[08:20:24] <Emperor>	 I'm trying to bring ms-be2045 back into service, and puppet is failing ( https://phabricator.wikimedia.org/P17432 ). This is because the swift filesystems were wiped (wipefs -a IIRC) when we thought the h/w was doomed. Now I could recreate the filesystems by hand, but I'm trying to work out why puppet is failing. AFAICS, swift::init_device should make the filesystem "unless  => "xfs_admin -l ${dev}"" But if I do "sudo xfs_admin -l
[08:20:24] <Emperor>	 /dev/sda3" then I get an error message and a RC of 1. I guess I'm asking _should_ this work, if not should I be re-mkfsing myself, or is there something else I should be doing here?
[08:20:36] <Emperor>	 hopefully godog knows the answer :)
[08:21:46] <Emperor>	 (I see why Swift::Label_filesystem is failing, I'm not so clear why swift::init_device isn't making a new fs on these devices)

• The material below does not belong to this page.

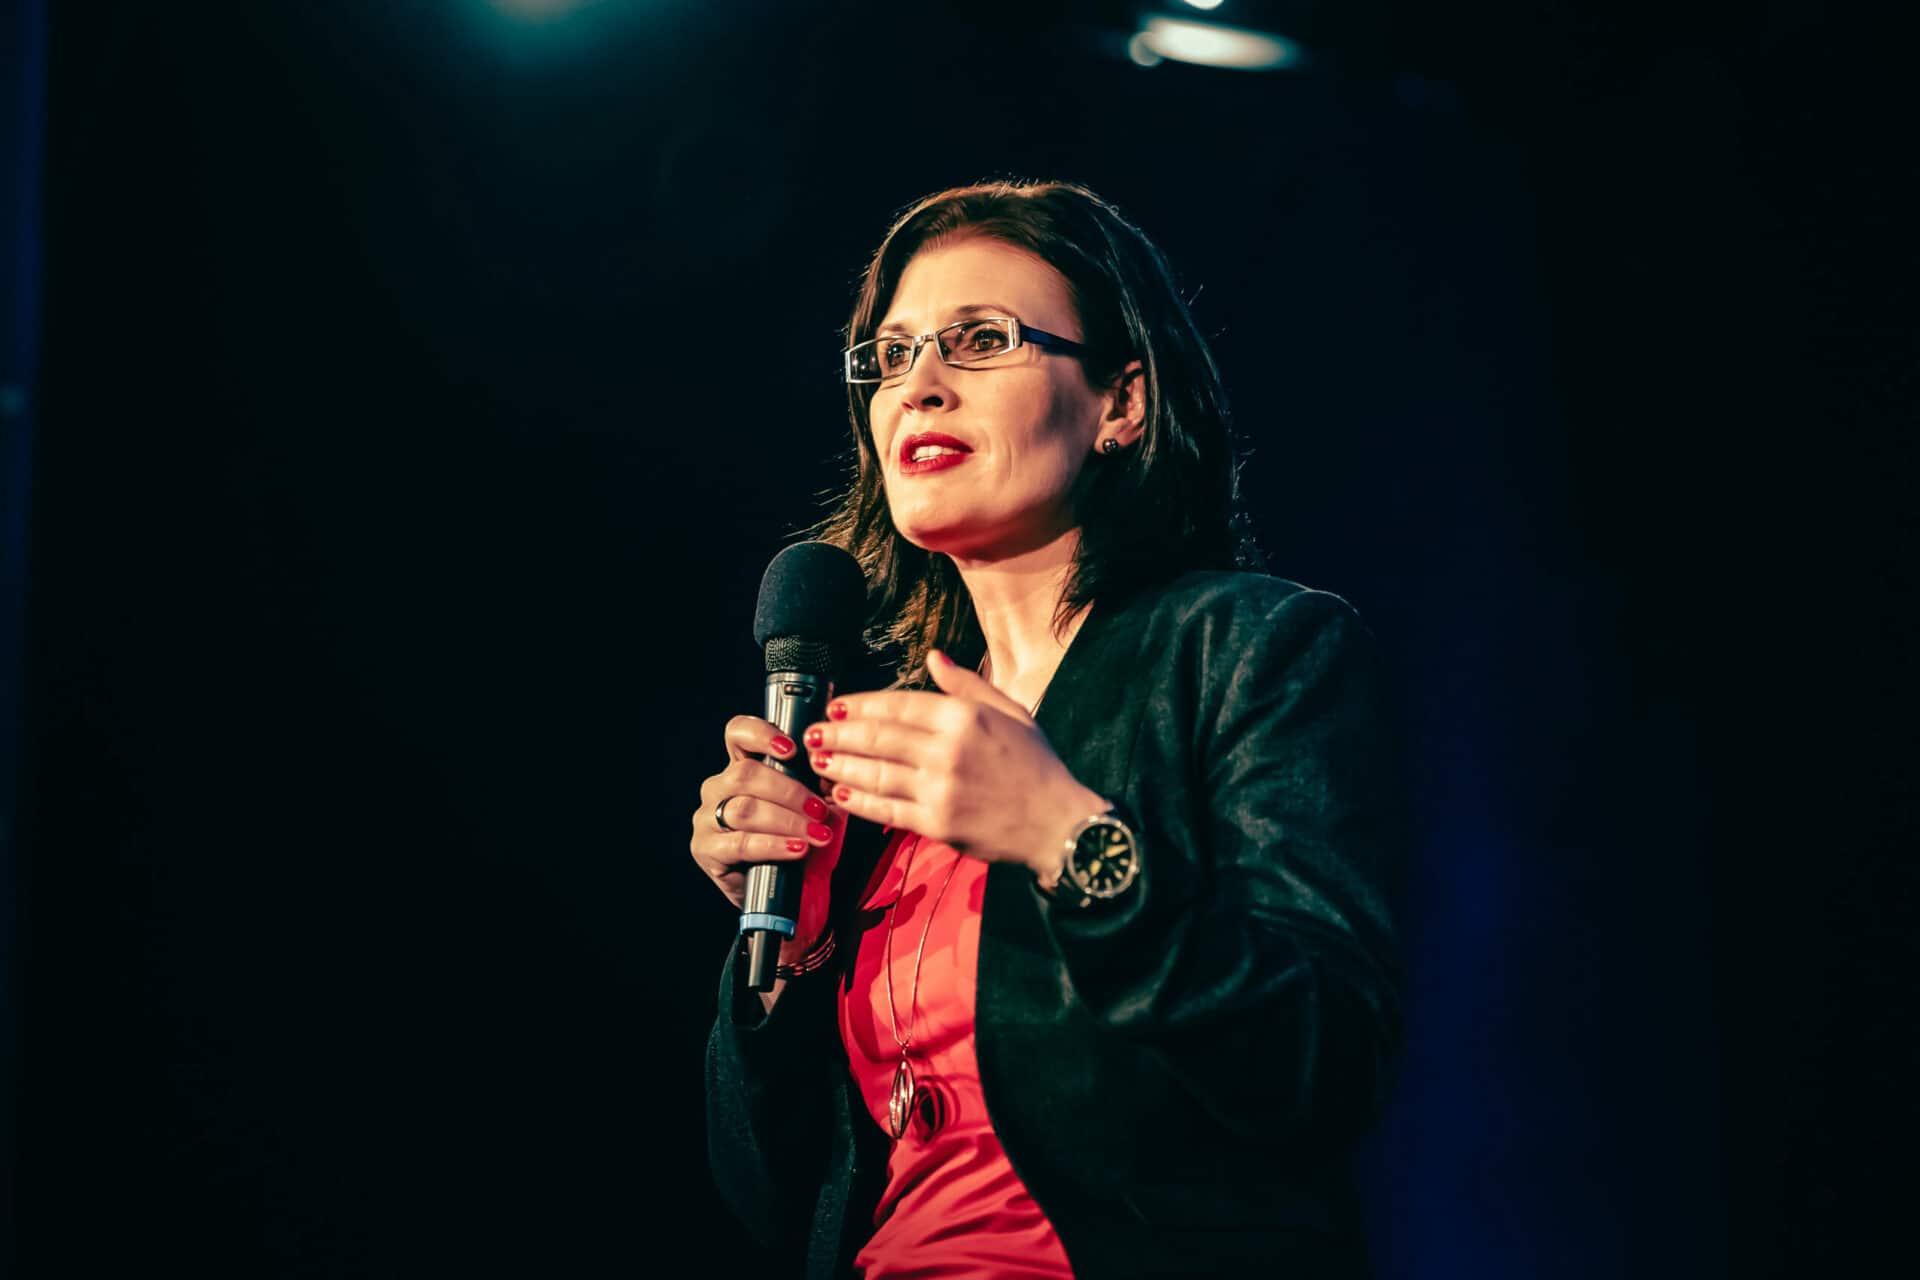 Menschlichkeit ist die Zukunft der Digitalisierung, so  der Leitspruch von Sabrina von Nessen

[08:23:41] <godog>	 Emperor: yes it should work, i.e. puppet will recreate partitions and filesystems when they are missing
[08:23:48] <godog>	 I'm taking a look too
[08:24:40] <godog>	 init_device isn't making a new fs I think because xfs_admin -l fails
[08:26:35] <godog>	 Emperor: an alternative route would be to reimage the host and that's it, probably simpler at this point
[08:30:10] <Emperor>	 I'm misunderstanding, then, - I thought the unless clause meant that it would try to mkfs when xfs_admin returns non-zero?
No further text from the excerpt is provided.